• _EXERCISE DESCRIPTION_:
In the data below, locate the line containing "Genf, Schweiz - 1." and the line containing "Where Are the", then retype both and everything between them exactly. Pictures are not part of the copy.

• _SOURCE DATA_:
+--

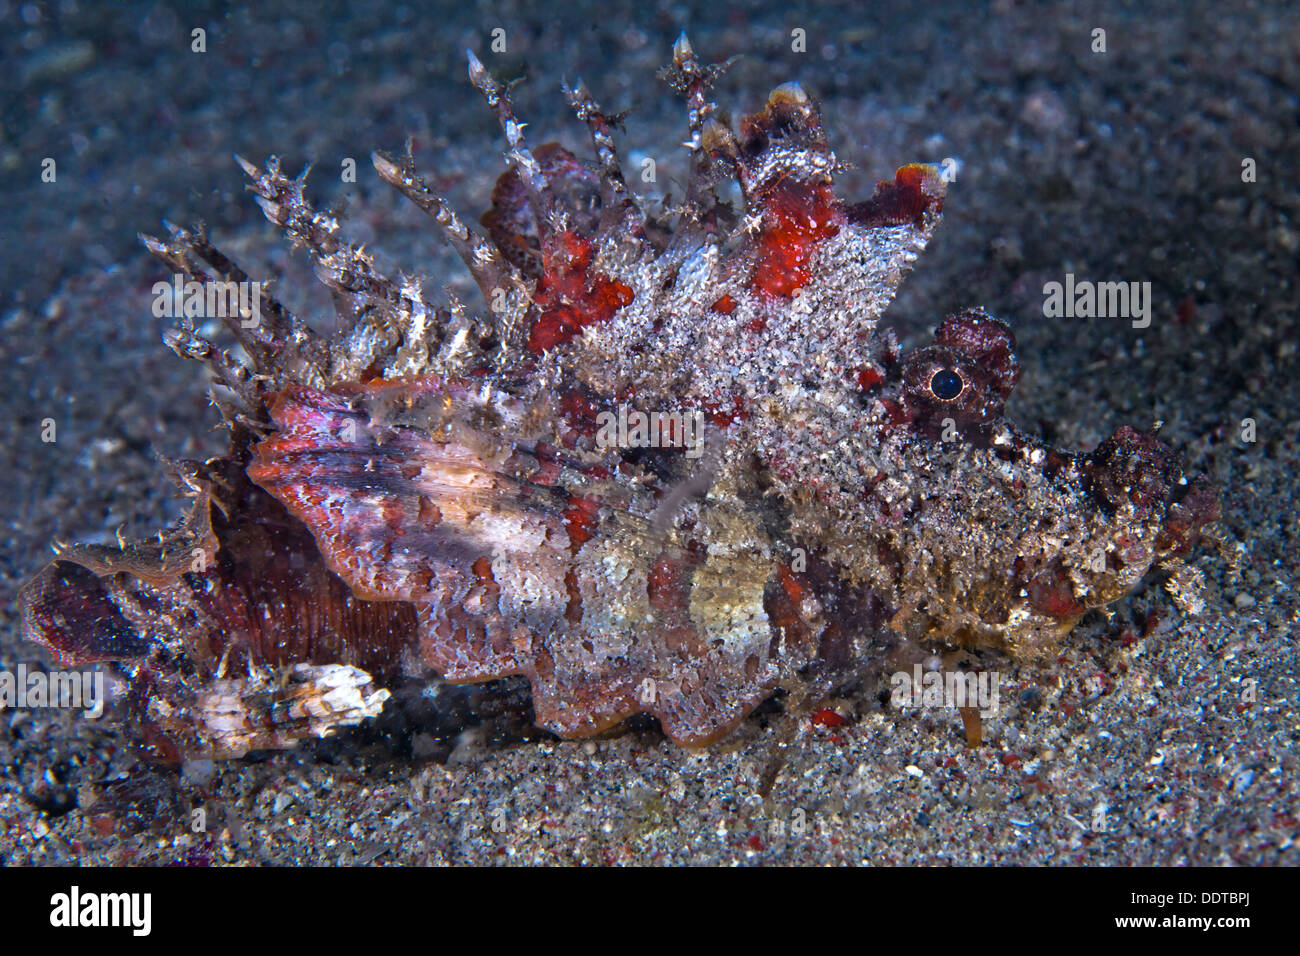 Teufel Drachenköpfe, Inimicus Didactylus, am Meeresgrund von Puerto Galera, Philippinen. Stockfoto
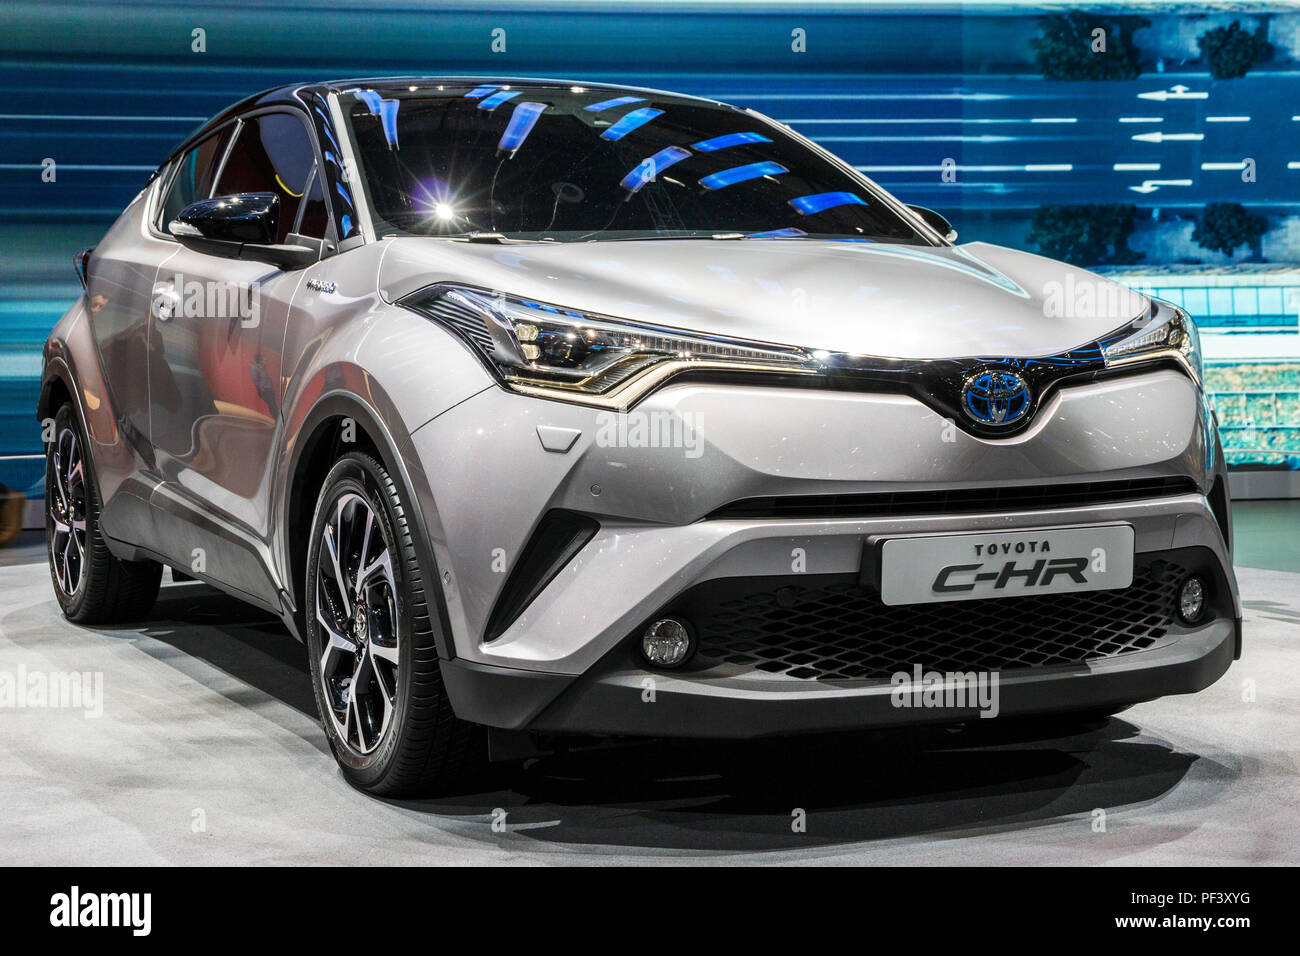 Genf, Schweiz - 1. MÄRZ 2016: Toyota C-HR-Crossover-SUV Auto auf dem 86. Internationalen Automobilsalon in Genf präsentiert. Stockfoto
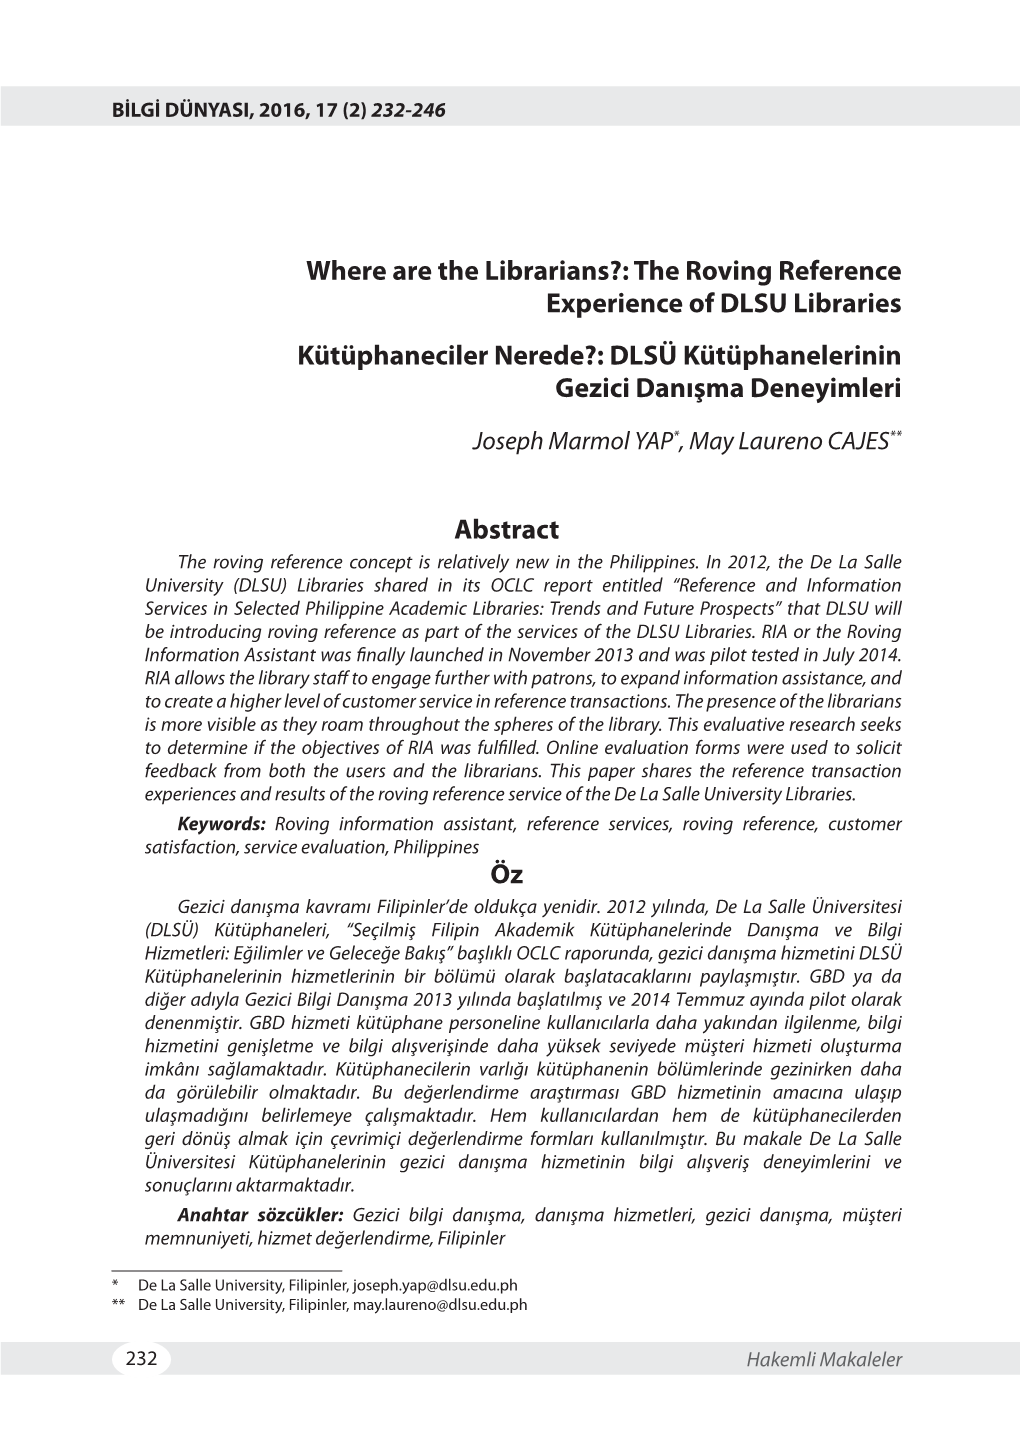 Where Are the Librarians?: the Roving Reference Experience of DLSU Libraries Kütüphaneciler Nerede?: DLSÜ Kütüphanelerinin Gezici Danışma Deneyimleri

+--

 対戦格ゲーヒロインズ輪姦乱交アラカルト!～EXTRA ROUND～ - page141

+--

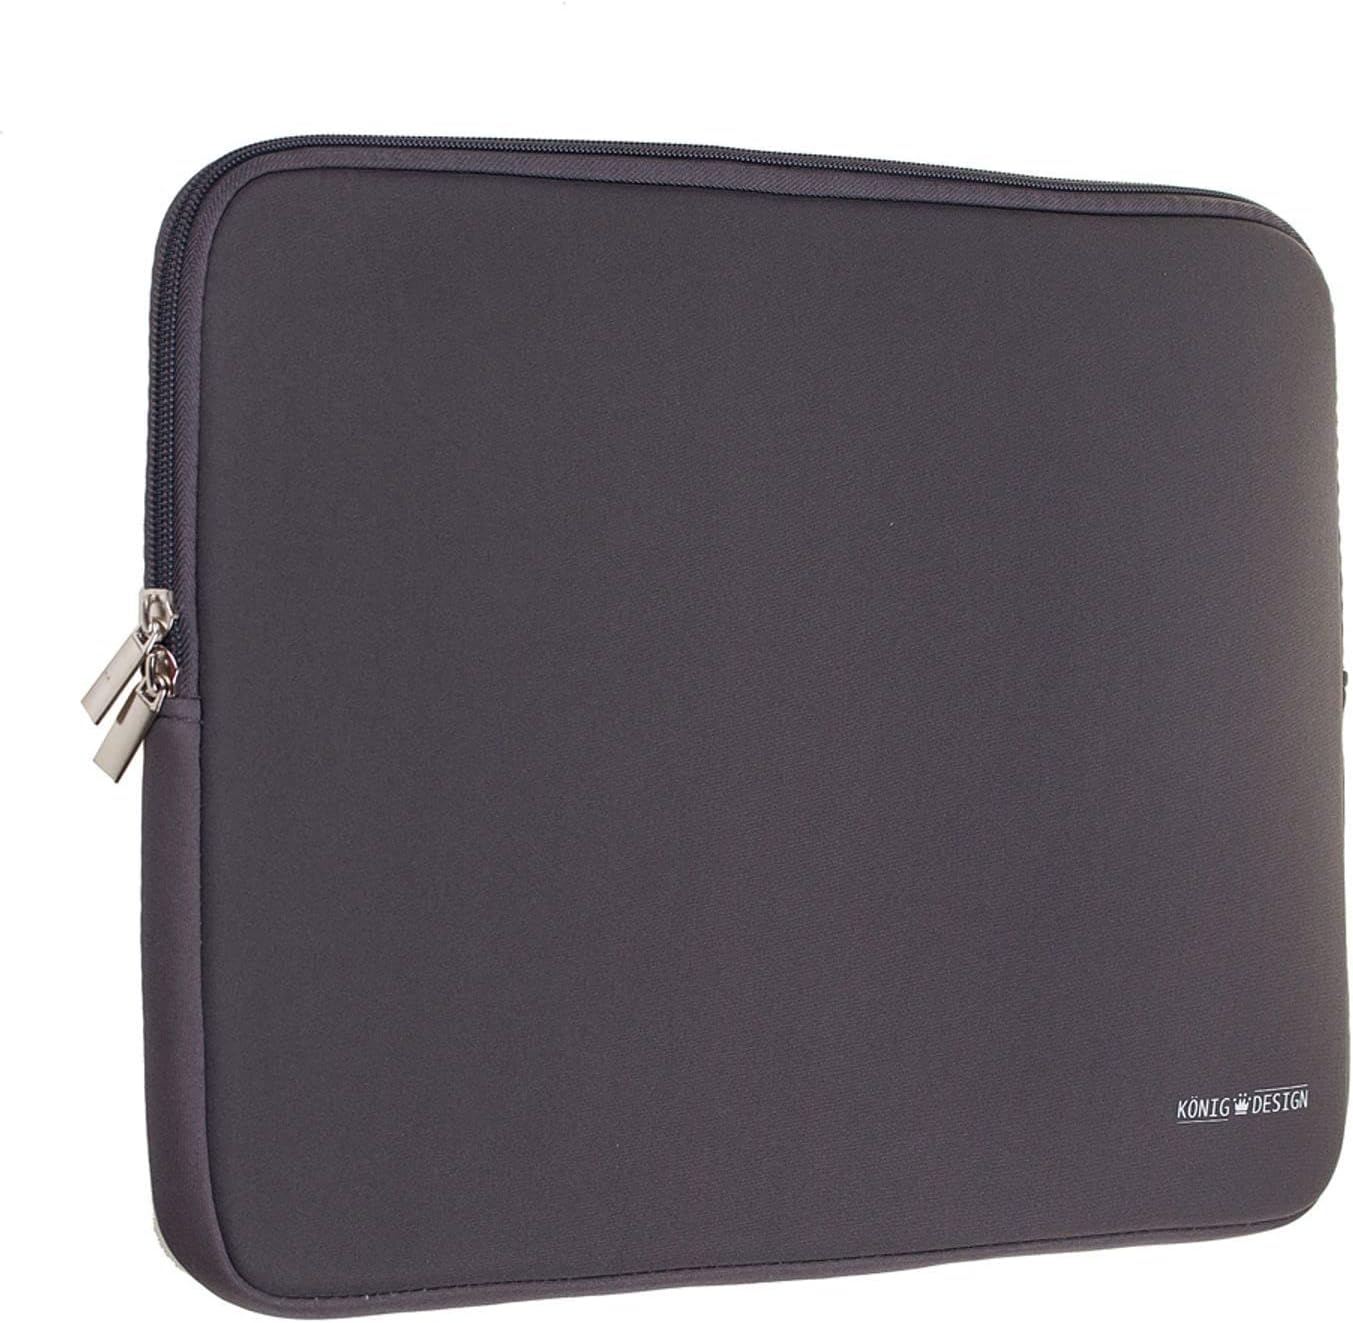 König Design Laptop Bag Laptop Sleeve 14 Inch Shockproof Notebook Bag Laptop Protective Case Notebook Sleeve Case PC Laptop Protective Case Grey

+--

• _RESULT FOR THIS TASK_:
 Genf, Schweiz - 1. MÄRZ 2016: Toyota C-HR-Crossover-SUV Auto auf dem 86. Internationalen Automobilsalon in Genf präsentiert. Stockfoto
 Where Are the Librarians?: the Roving Reference Experience of DLSU Libraries Kütüphaneciler Nerede?: DLSÜ Kütüphanelerinin Gezici Danışma Deneyimleri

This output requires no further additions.